In opposition to this, the National Honey Bee Advisory Board is quoted as saying “to attempt to use this technology at this current stage of understanding would be more naïve than our use of DDT in the 1950s.”
Pollack reports that some bee specialists told the EPA that they would welcome attempts to use RNAi to save honeybees, and groups representing corn, soybean and cotton farmers also support the technology: “commercial RNAi technology brings U.S. agriculture into an entirely new generation of tools holding great promise,” the National Corn Growers Association said.
Corn Growers Need a New Tool
For a decade, corn growners have been combating the rootworm, one of the costliest of agricultural pests, by planting so-called BT crops, which are genetically engineered to produce a toxin that kills the insects when they eat the crop. Or at least the toxin is supposed to kill them. Rootworms are now evolving resistance to at least one BT toxin.

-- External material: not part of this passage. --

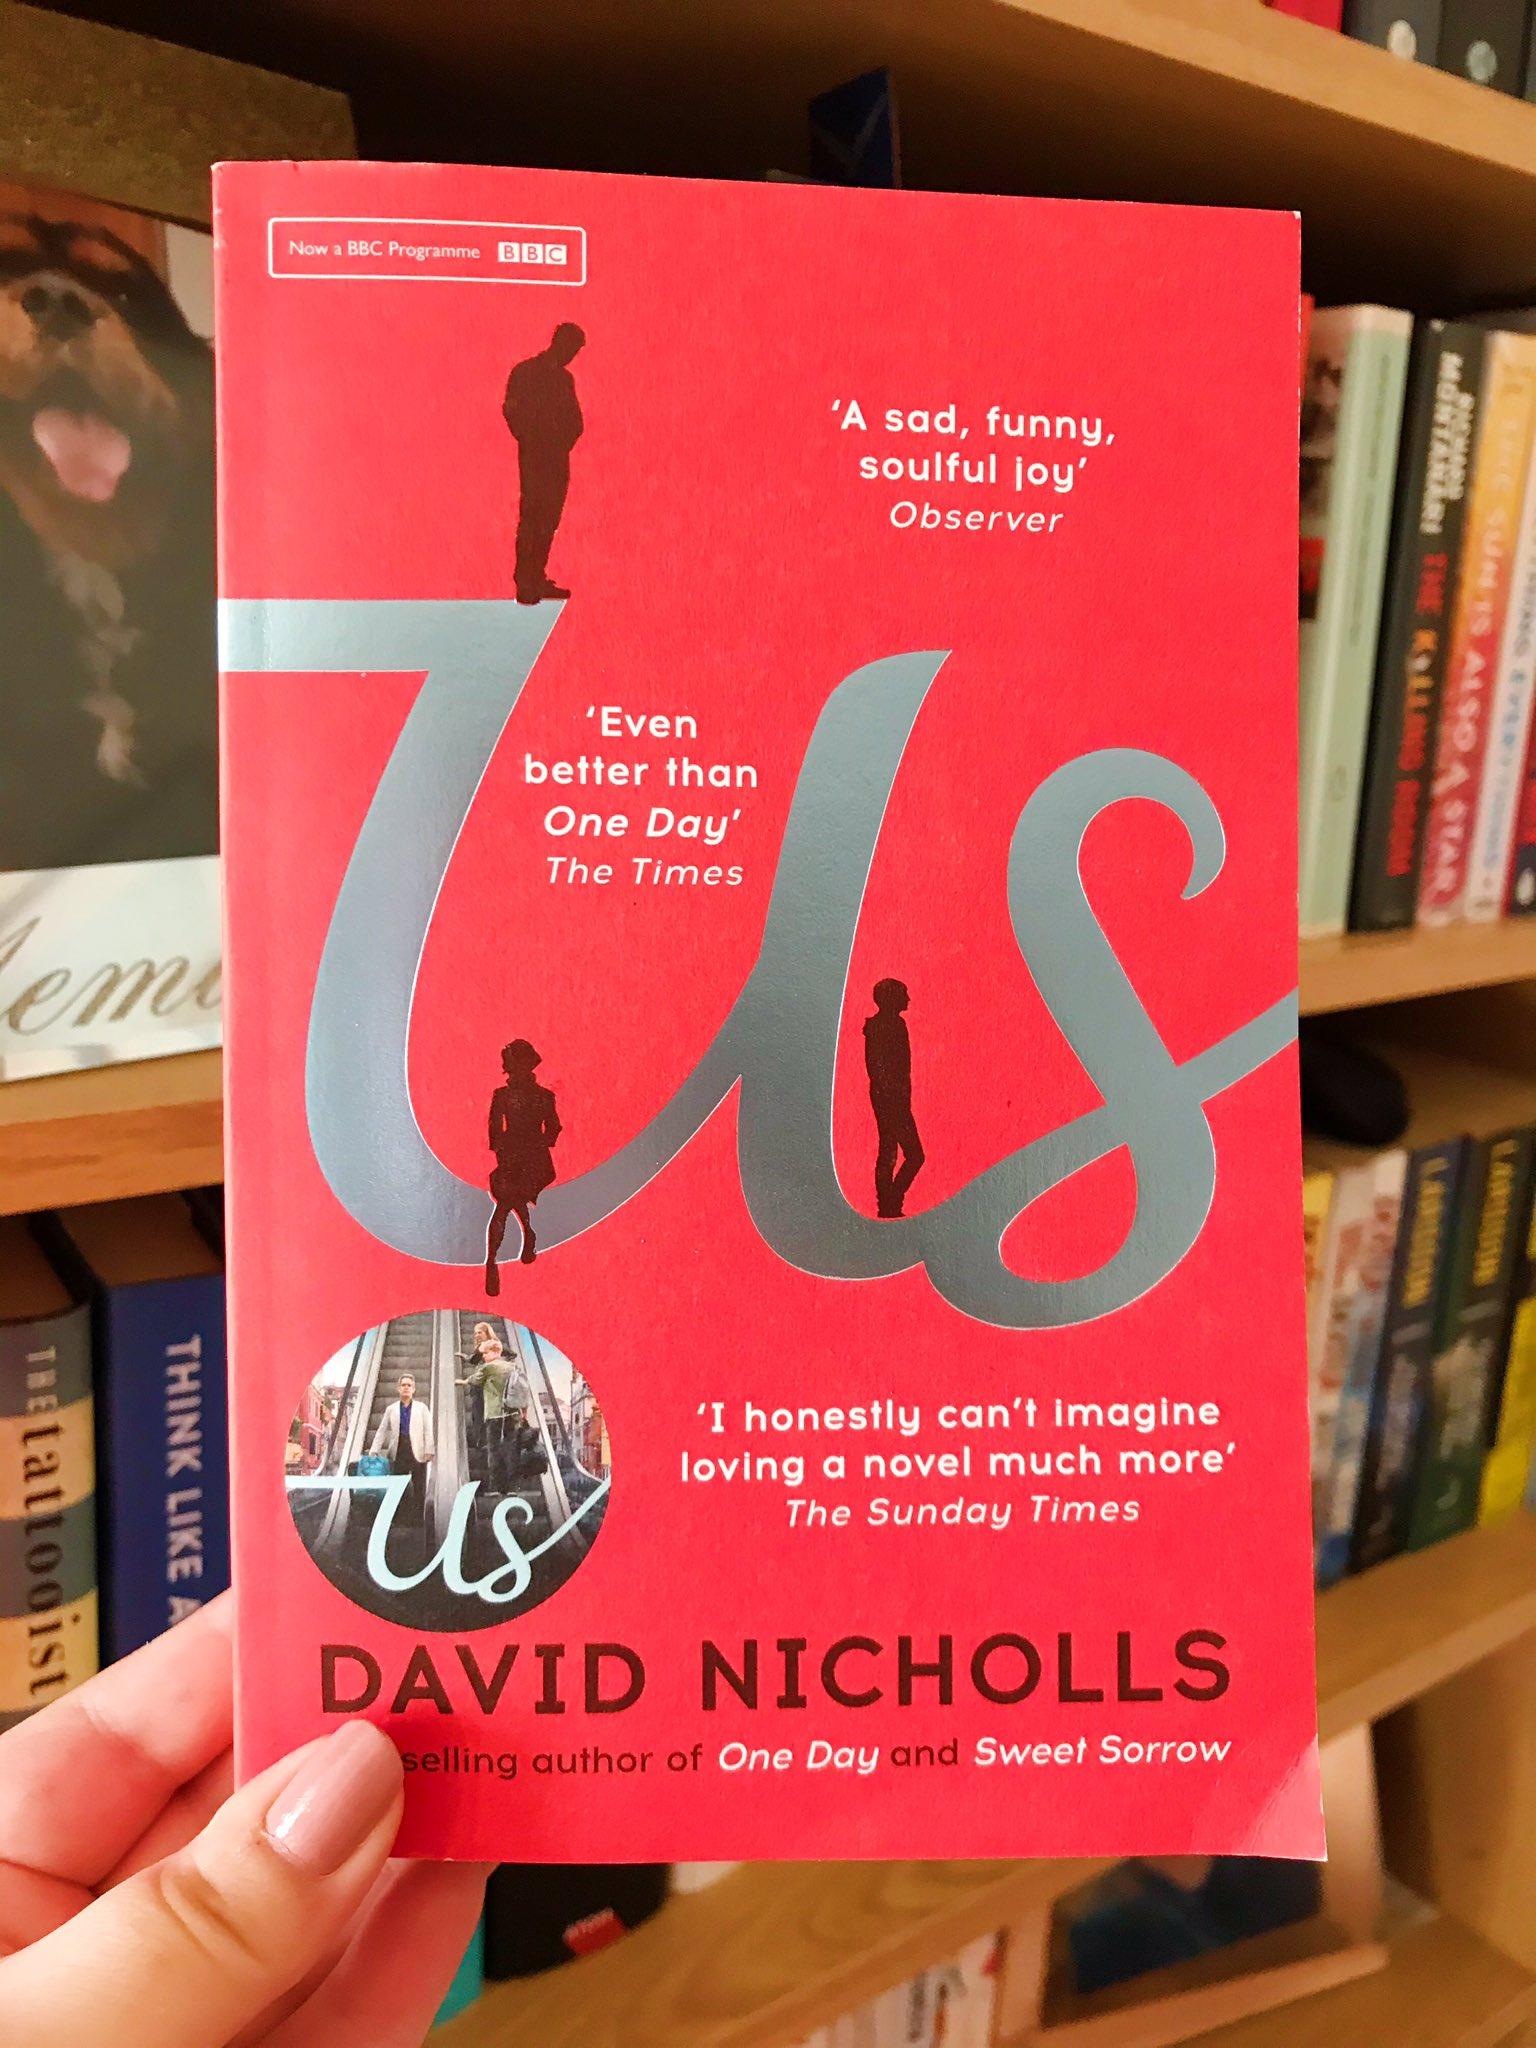 Us by David Nicholls held up in front of bookshelf

Given that rootworm larvae can destroy significant percentages of corn if left untreated, a robust alternative is crucial to protecting future corn crops. Current estimates in the US indicate as much as 40% of corn acreage is infested with corn rootworms and the area is expected to grow over the next 20 years. RNAi is now is being studied as a possible alternative to BT toxins, and Monsanto has applied for regulatory approval of corn that is genetically engineered to use RNAi to kill the western corn rootworm.
Personally, I’m not completely averse to RNAi for AgBio, especially in view of the need to adequately feed the world’s growing population. Careful regulatory scrutiny, even if it results in slow moving progress, seems wise in order to avoid unintended consequences that could be very problematic.
As usual, your comments are welcomed.